SourceForge Headquarters 225 Broadway Suite 1600 San Diego, CA 92101 +1 (858) 454-5900

On Mon, Jan 11, 2010 at 7:44 PM, Vladislav Bolkhovitin <vs...@vl...> wrote:
>
> [ ... ]
>
> SRP initiator seems to be not too well optimized for the best performance. ISER initiator is noticeably better in this area.

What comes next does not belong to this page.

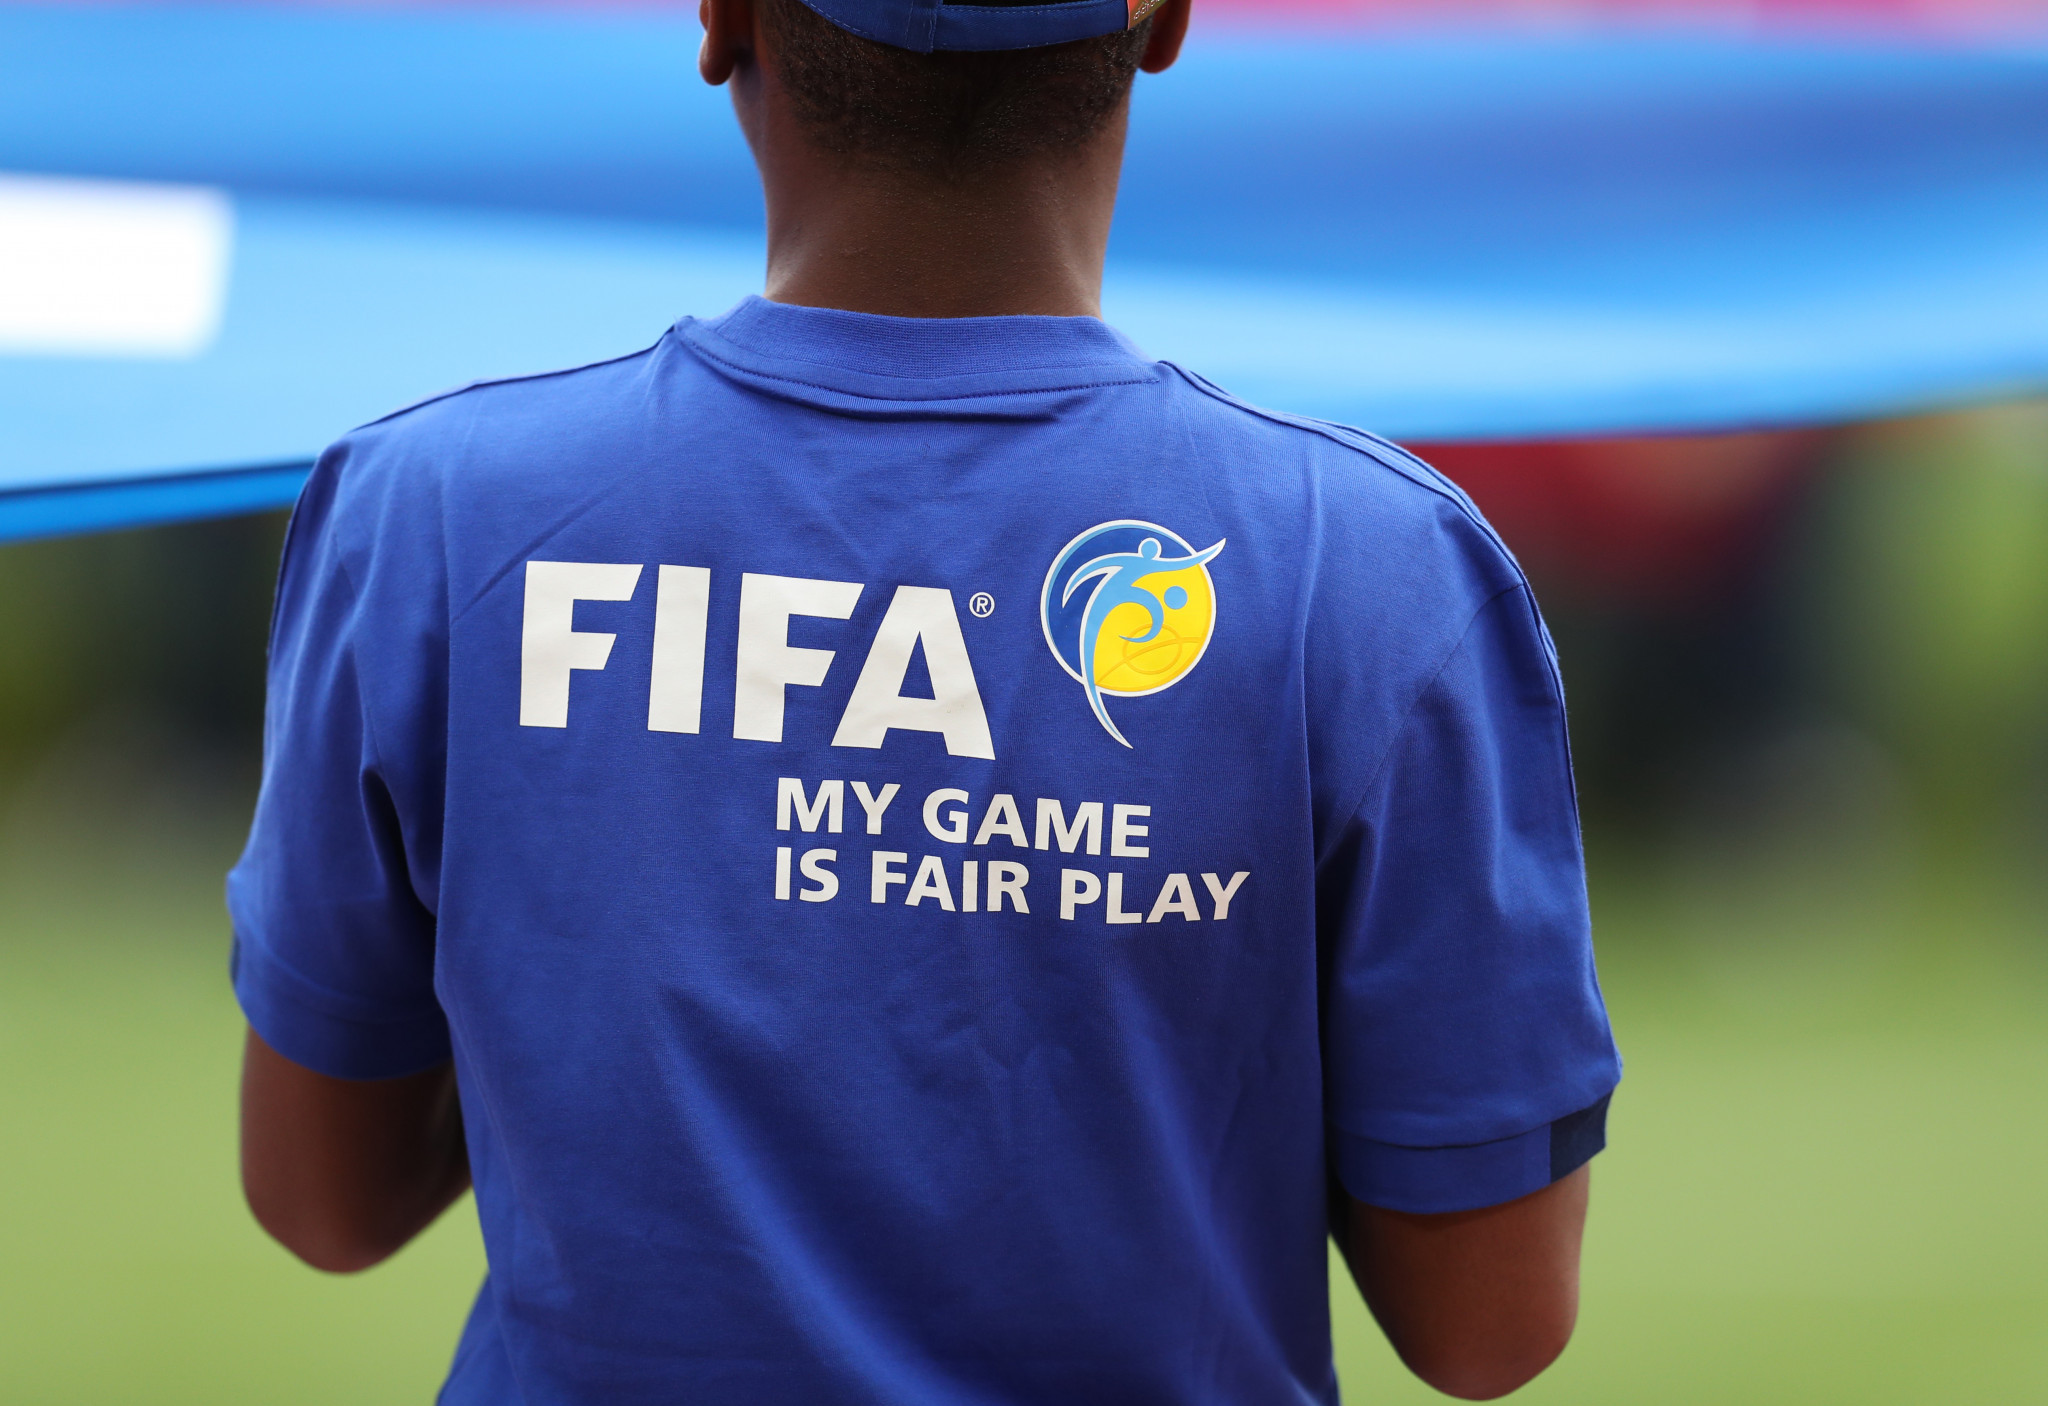 Tanzanian referee banned for life by FIFA after found guilty of bribery
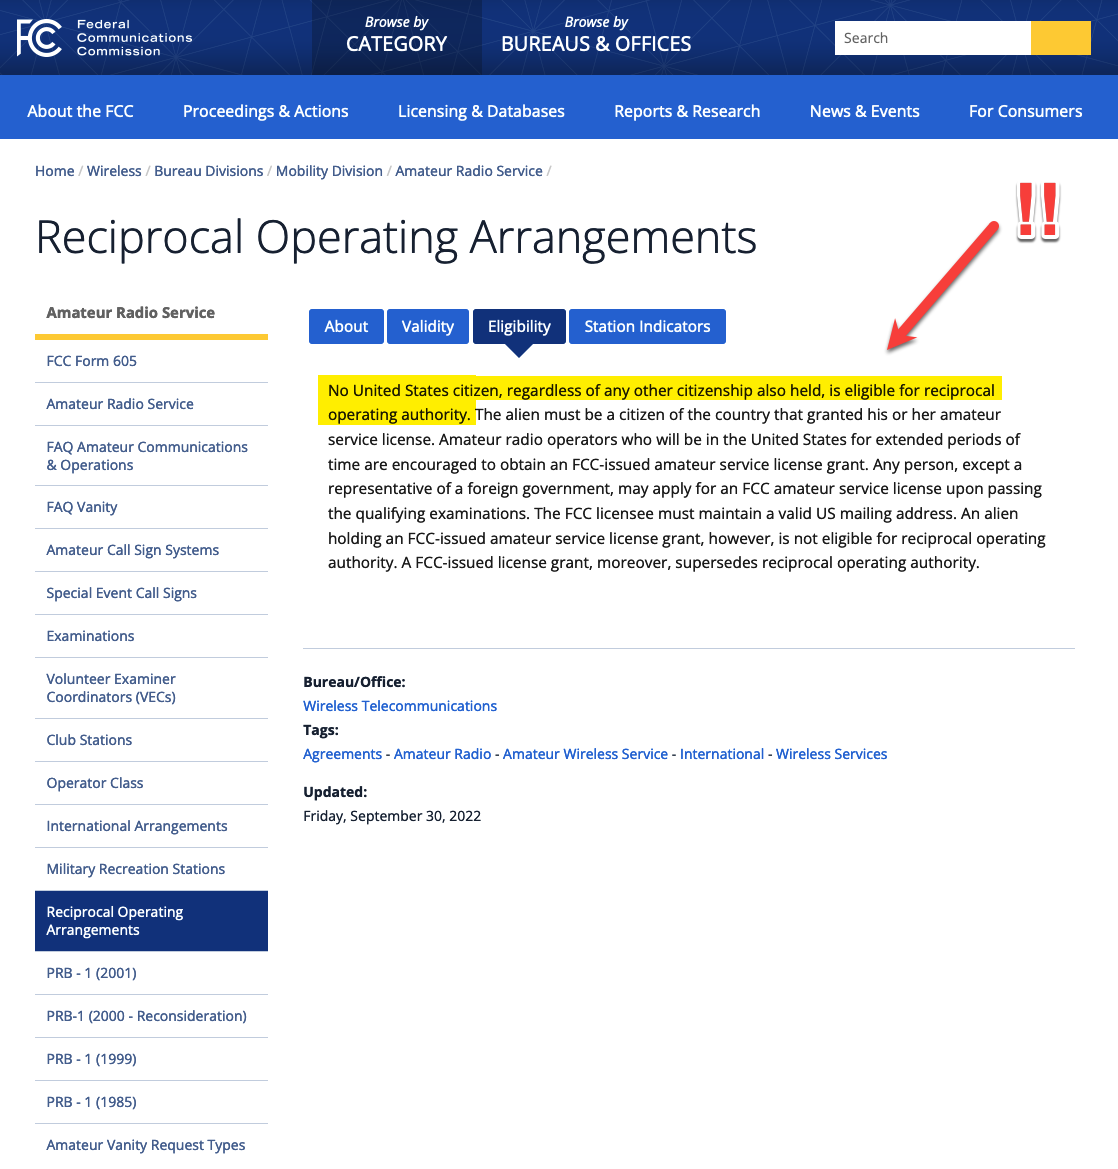 Reciprocal Operating Arrangements as shown on the FCC Web Site

(replying to an e-mail of one month ago)

I'm not sure the above statement makes sense. Below you can find the
performance results for 512-byte reads with a varying number of
threads and a NULLIO target. With a sufficiently high number of
threads this test saturated the two CPU cores of the initiator system
but not the CPU core of the target system. So one can conclude from
the numbers below that for the initiator and target software
combinations used for this test that although the difference is small,
the latency for the SRP traffic is slightly lower than that of the
iSER traffic and also that the CPU usage of the SRP traffic is
slightly lower than that of the iSER traffic. These numbers are quite
impressive since one can conclude from the numbers below that for both
protocols one I/O operation is completed by the initiator system in
about 17 microseconds or 44000 clock cycles.

iSER:
 1   read : io=128MB, bw=13,755KB/s, iops=27,510, runt=  9529msec
 2   read : io=256MB, bw=26,118KB/s, iops=52,235, runt= 10037msec
 4   read : io=512MB, bw=48,985KB/s, iops=97,970, runt= 10703msec
 8   read : io=1,024MB, bw=57,519KB/s, iops=115K, runt= 18230msec
16   read : io=2,048MB, bw=57,880KB/s, iops=116K, runt= 36233msec
32   read : io=4,096MB, bw=57,990KB/s, iops=116K, runt= 72328msec
64   read : io=8,192MB, bw=58,066KB/s, iops=116K, runt=144468msec
CPU load for 64 threads (according to vmstat 2): 20% us + 80% sy on
the initiator and 40% us + 20% sy + 40% id on the target.

SRP:
 1   read : io=128MB, bw=14,211KB/s, iops=28,422, runt=  9223msec
 2   read : io=256MB, bw=26,275KB/s, iops=52,549, runt=  9977msec
 4   read : io=512MB, bw=49,257KB/s, iops=98,513, runt= 10644msec
 8   read : io=1,024MB, bw=60,322KB/s, iops=121K, runt= 17383msec
16   read : io=2,048MB, bw=61,272KB/s, iops=123K, runt= 34227msec
32   read : io=4,096MB, bw=61,176KB/s, iops=122K, runt= 68561msec
64   read : io=8,192MB, bw=60,963KB/s, iops=122K, runt=137602msec
CPU load for 64 threads (according to vmstat 2): 20% us + 80% sy on
the initiator and 0% us + 50% sy + 50% id on the target.

Setup details:
* The above output was generated with the following command:
for i in 1 2 4 8 16 32 64; do printf "%2d " $i; io-load 512 $i
${initiator_device} | grep runt; done
* The io-load script is as follows:
#!/bin/sh
blocksize="${1:-512}"
threads="${2:-1}"
dev="${3:-sdj}"
fio --bs="${blocksize}" --buffered=0 --size=128M --ioengine=sg
--rw=read --invalidate=1 --end_fsync=1 --thread --numjobs="${threads}"
--loops=1 --group_reporting --name=nullio --filename=/dev/${dev}

* SRP target software: SCST r1522 compiled in release mode.
* iSER target software: tgt 1.0.2.

* InfiniBand hardware: QDR PCIe 2.0 HCA's.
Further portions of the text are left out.